Please note here if the review is uploaded as an attachment.

Reviewer #1: In this study the authors identify the sensory circuitry that input to the command neuron for backward movement in Drosophila larvae. Through an optogenetic screen of a collection of GAL4 lines, the authors found that the activation of a pair of neurons in the subesophageal zone, termed AMBs, elicit backward crawling in larvae. They then carefully analyzed the pre- and post-synaptic partners of AMBs, and discovered that AMBs referentially pass sensory inputs from the C4da nociceptors to the command neurons for backward locomotion.
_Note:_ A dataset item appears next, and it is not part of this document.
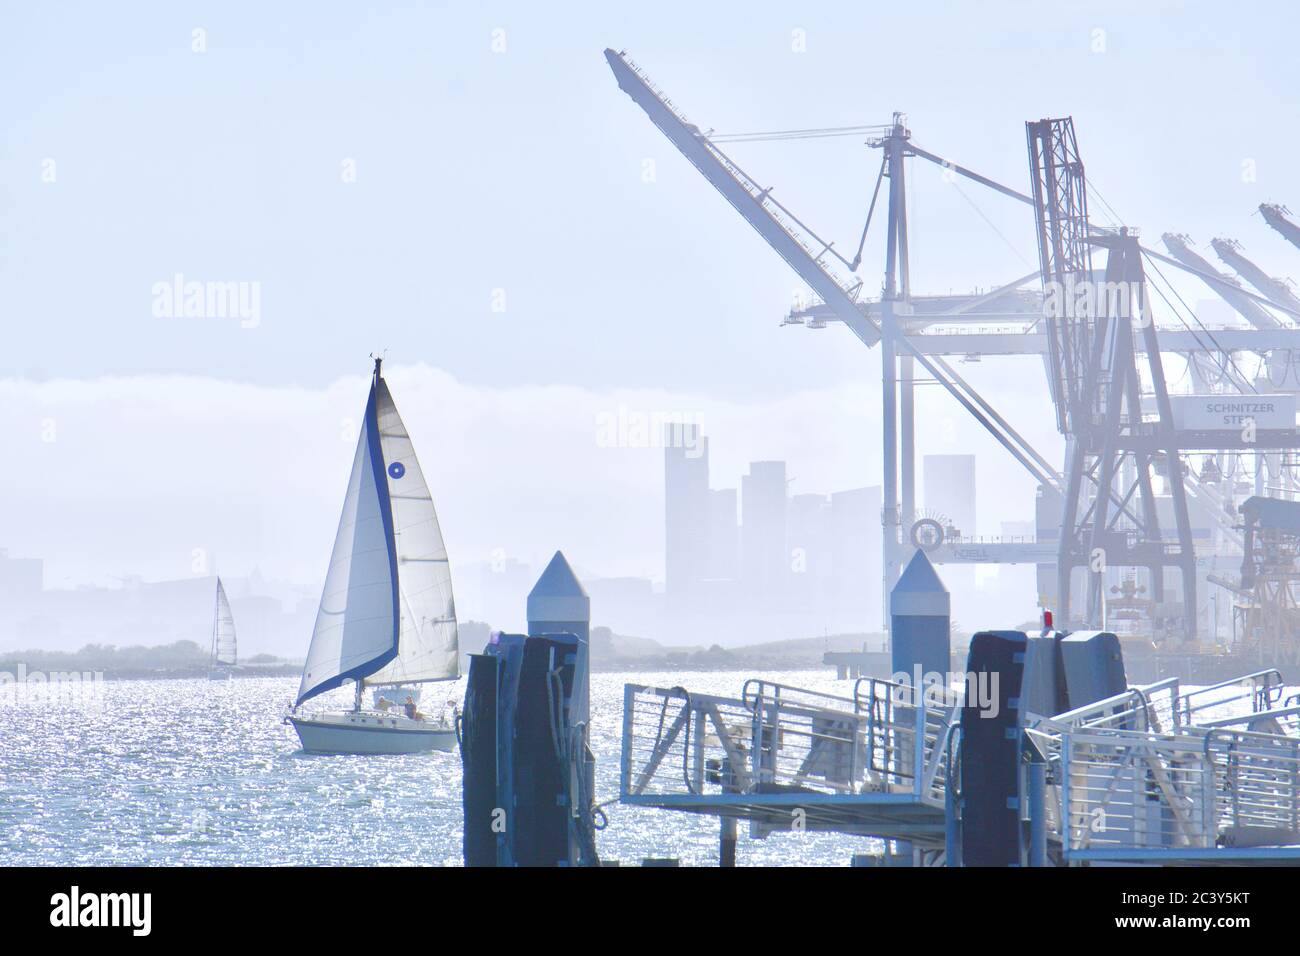 Sailboat entering Oakland Inner Harbor, at Jack London Square, with shipping cranes and docks. Bay Area tourism and recreation. Oakland, CA, USA. Stock Photo

Interestingly, this sensory pathway is different from that for backward locomotion elicited by the light-sensing Bolwig’s organ, which does not involve AMBs.

Recent studies have identified the MDNs as the command neurons for backward movement in adult and larval Drosophila. However, how sensory inputs are conveyed to MDNs is unknown. This study fills this gap and is thus an importance contribution to the understanding of sensory processing of aversive cues that elicit backward movements.
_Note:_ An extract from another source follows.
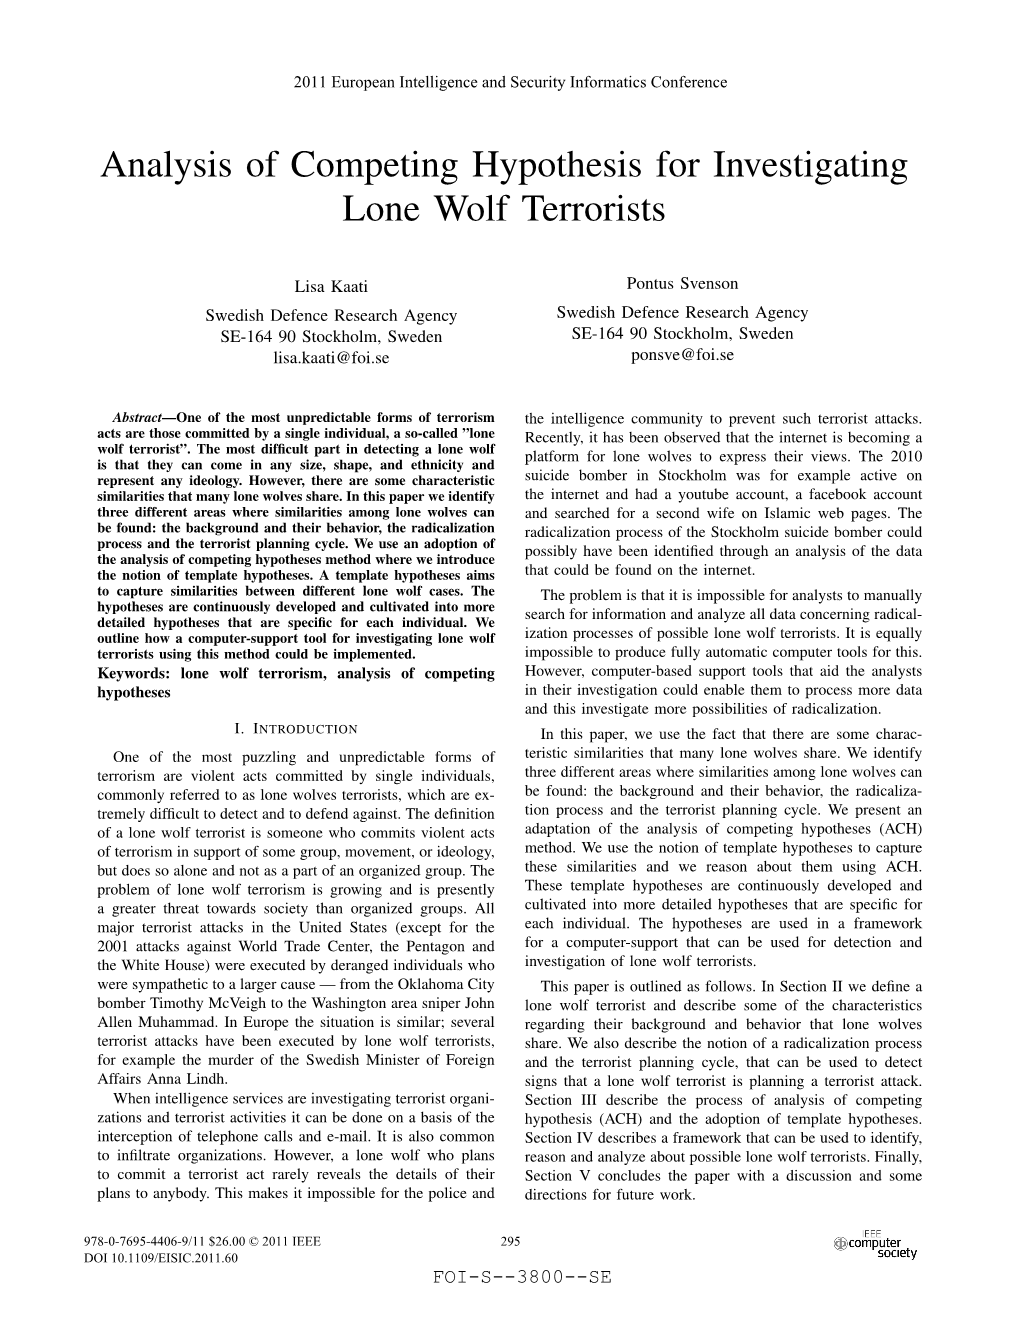 Analysis of Competing Hypothesis for Investigating Lone Wolf Terrorists

The authors applied a battery of approaches in this solid study, including genetic manipulations, t-GRASP, calcium imaging and behavioral analyses. Their savvy use of genetic tricks for identifying and confirming neurons is impressive. Overall, this is an excellent work.

Major concerns:

1) Fig. 9A shows that ablation of either C3da (GAL4[19-12]) or BO (GMR-GAL4), but not that of C4da, reduced backward locomotion elicited by blue light, indicating a possible involvement of C3da and BO. The ablation of a combination of C4da and BO dramatically reduced backward locomotion. I wonder what would happen if they ablate a combination of C3da and BO. This result is important for the model shown in Fig. 13. The authors may also want to perform Ca2+ imaging to determine whether stimulation of C3da activates AMBs.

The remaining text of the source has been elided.